Contrail reduction is not only environmentally beneficial, but it also demonstrates scalability and cost-effectiveness, setting it apart from other sustainability solutions in aviation where cost can often pose a significant barrier.
Although flights that avoid creating contrails do burn a small amount of additional fuel, with the resultant increase in CO2, only 15% of flights will need to adjust their altitude to reduce contrails, according to Google’s models.

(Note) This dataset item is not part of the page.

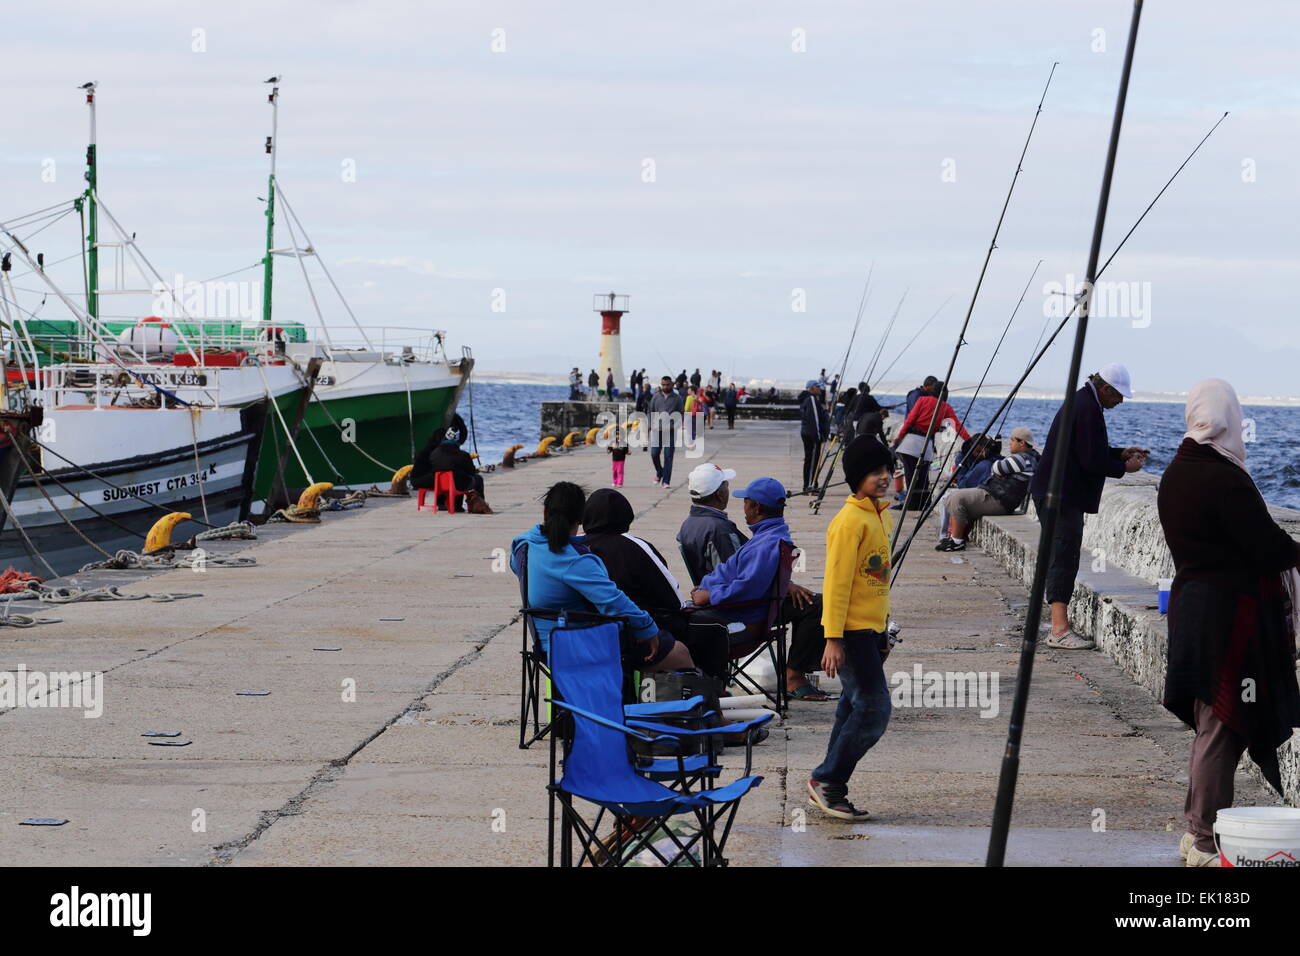 Pier in the Kalk Bay harbour Stock Photo

American Airlines flights would burn only 0.3% additional fuel to avoid contrails, if scaled across American’s entire fleet—and the Google team has calculated that the climate benefit of avoiding contrails is 20x the additional CO2.
Google will continue research and development to avoid nighttime contrails specifically, and to automate avoidance, target the highest-impact contrails and improve satellite-based verification
Platt explains that integrating contrail reduction into pilots’ training and flight planning systems could be an effective integration path, as airlines today utilize software platforms that predict turbulence-prone areas—predictions that allow pilots to avoid those areas for safety reasons.
“There are software platforms that offer airlines predictions of turbulence zones to help them steer clear,” Platt says. “Contrail reduction can leverage those same software platforms to help make the operational adjustment for airlines as straightforward as possible.”
To help scale contrail mitigation tools and facilitate their widespread adoption by more airlines, Google is working with software providers to integrate these insights into the cockpit—including active collaboration with nonprofits, governments and intergovernmental organizations like EUROCONTROL.
In October, the EUROCONTROL region, which includes Belgium, the Netherlands, Luxembourg and northwest Germany, announced a new partnership with Google that will enable it to provide aircraft flying through this airspace with information about how to avoid contrails.
This breakthrough in contrail reduction is only the beginning of how AI could help advance progress toward a more sustainable future across aviation and a broad array of other sectors.
“The power of AI lies in its ability to improve complex data-driven decisions across various sectors of our economy,” says Platt. “This is crucial in addressing climate change because it enables informed decisions that account for sustainability.”